NHS England’s new digital maturity assessment (DMA) questionnaire can support valuable discussions about local priorities, one of those involved in the pilot has said.
According to Amy Freeman, chief digital information officer at University Hospitals of North Midlands NHS Trust, completing the self-assessment “enabled us to have a really important conversation about whether we agree these things are important to us as an organisation”.
Speaking to audiences at Digital Health Rewired, she added: “And if we do agree it’s important and are scoring poorly, what are we going to do about it? That has informed our plan for the year – we’ve prioritised some projects and it enabled us to have that conversation.”
According to Will Goodwin, NHS England’s assistant director of programmes for digital maturity, the creation of the What Good Looks Like framework provides a new opportunity to understand trusts’ individual positions.
The framework, which outlines how digital success is defined for NHS organisations, provides what Goodwin characterises as a “North Star” against which progress can be measured.
That said, he emphasised the DMA questionnaire is not intended to inform a league table. “We want to leverage and utilitise the data for good planning and investment.”
The idea is that by having a consistent metric used for all organisations, it will make it easier to pinpoint precisely which would most benefit from additional national support to make digital progress.
“We ended up procuring a product which involves an assessment, with the assessment aligning to the seven domains of What Good Looks Like, and we also have support offered around that,” Goodwin explained.
There will also be workshops at ICS and regional level to help local staff understand how to integrate the data into their local planning.
“It will be really important to help systems plan what they need to do and where they prioritise investment over next three years,” said Paul Gilliatt, programme director for frontline digitisation at NHS England’s Transformation Directorate.
“But it also builds a national picture which is important when having discussions with ministers and treasury on how much money we need [to help create a digitally mature NHS].”
“The driver has been to develop with frontline colleagues something that can help with planning and investment,” added Natalie Sutcliffe, delivery and engagement lead for digital maturity at NHSE.
“By synthesising questions [which are currently asked across several separate data requests], we’ll have one credible source of truth on digital maturity.”
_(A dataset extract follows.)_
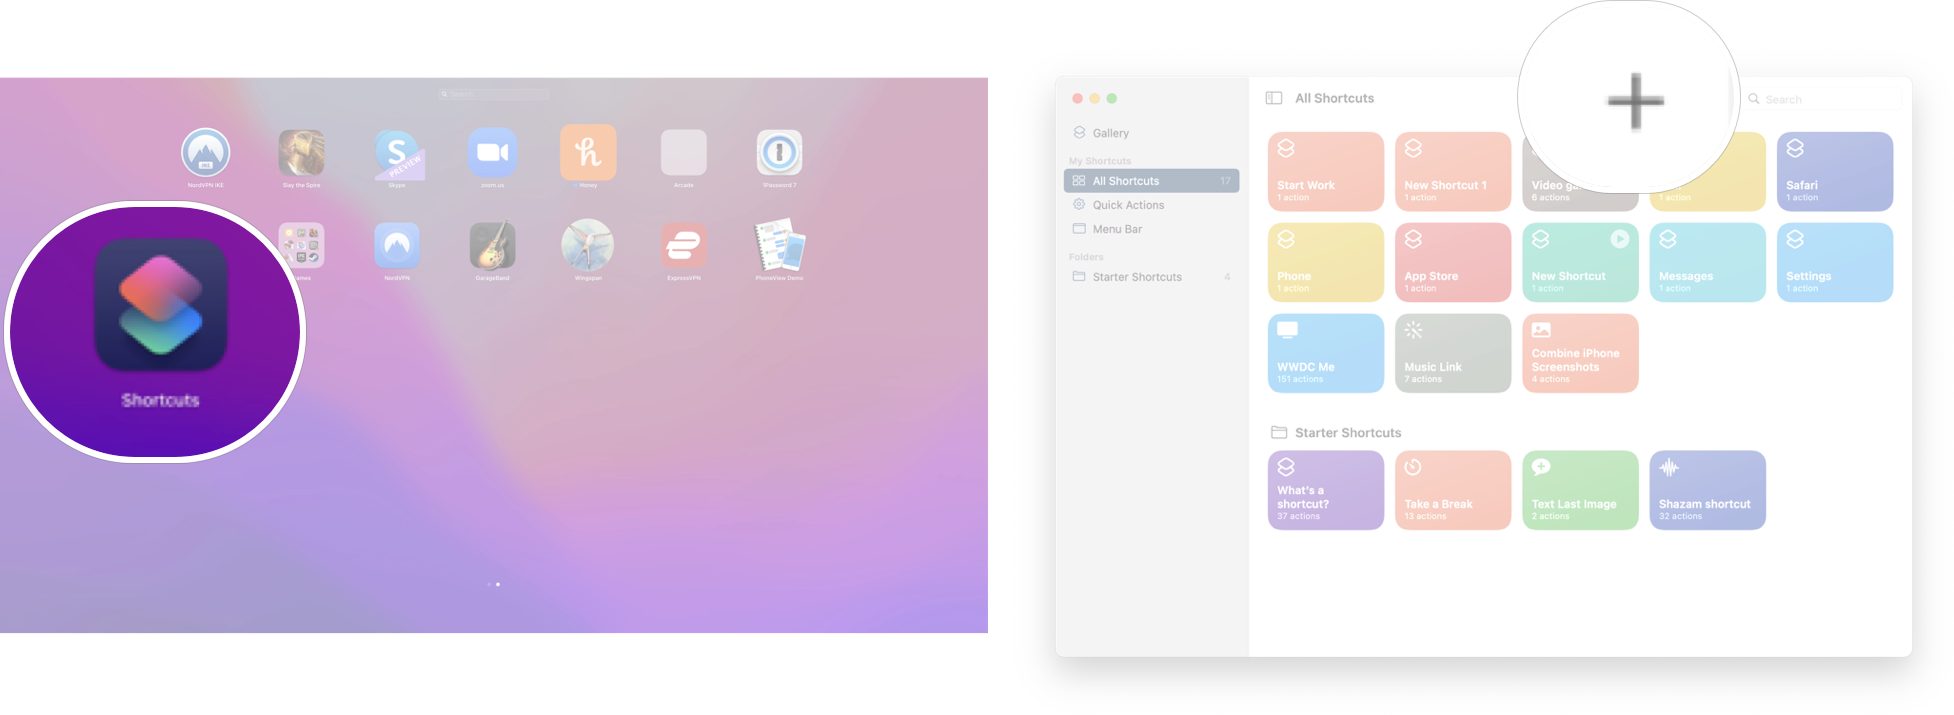 Creating New Shortcut In macOS Monterey: Launch the Shortcuts app and then click new shortcut.

Difficult decisions about local funding
For North Midlands’ Freeman, the next step will be “potentially difficult conversations” about how local funding should be allocated to bolster digital maturity.
“It’s a really thorny issue for the ICS to unpick,” she said. “DMA is a prioritisation tool. It’s what we choose to do with those results that matter next, and some of those conversations are going to be tricky. We need to be able to work together in partnership to leverage the benefit of the whole rather than individually.”
National assessments of digital maturity have been somewhat stop-start in recent years. An overall assessment of NHS organisations in England was last completed in 2016/17, but other versions preceded it.
The initial deadline for submission of the current DMA is this Sunday, 19 March 2023. The speakers from NHS England emphasised their aim is for the latest assessment to be a yearly programme, making it possible to assess progress over time.
The topic of digital maturity in the NHS has been a hot one over the past 12 months. At Rewired 2022, NHS England’s director of transformation Tim Ferris said that the current level of digital maturity across the NHS is “patchy”.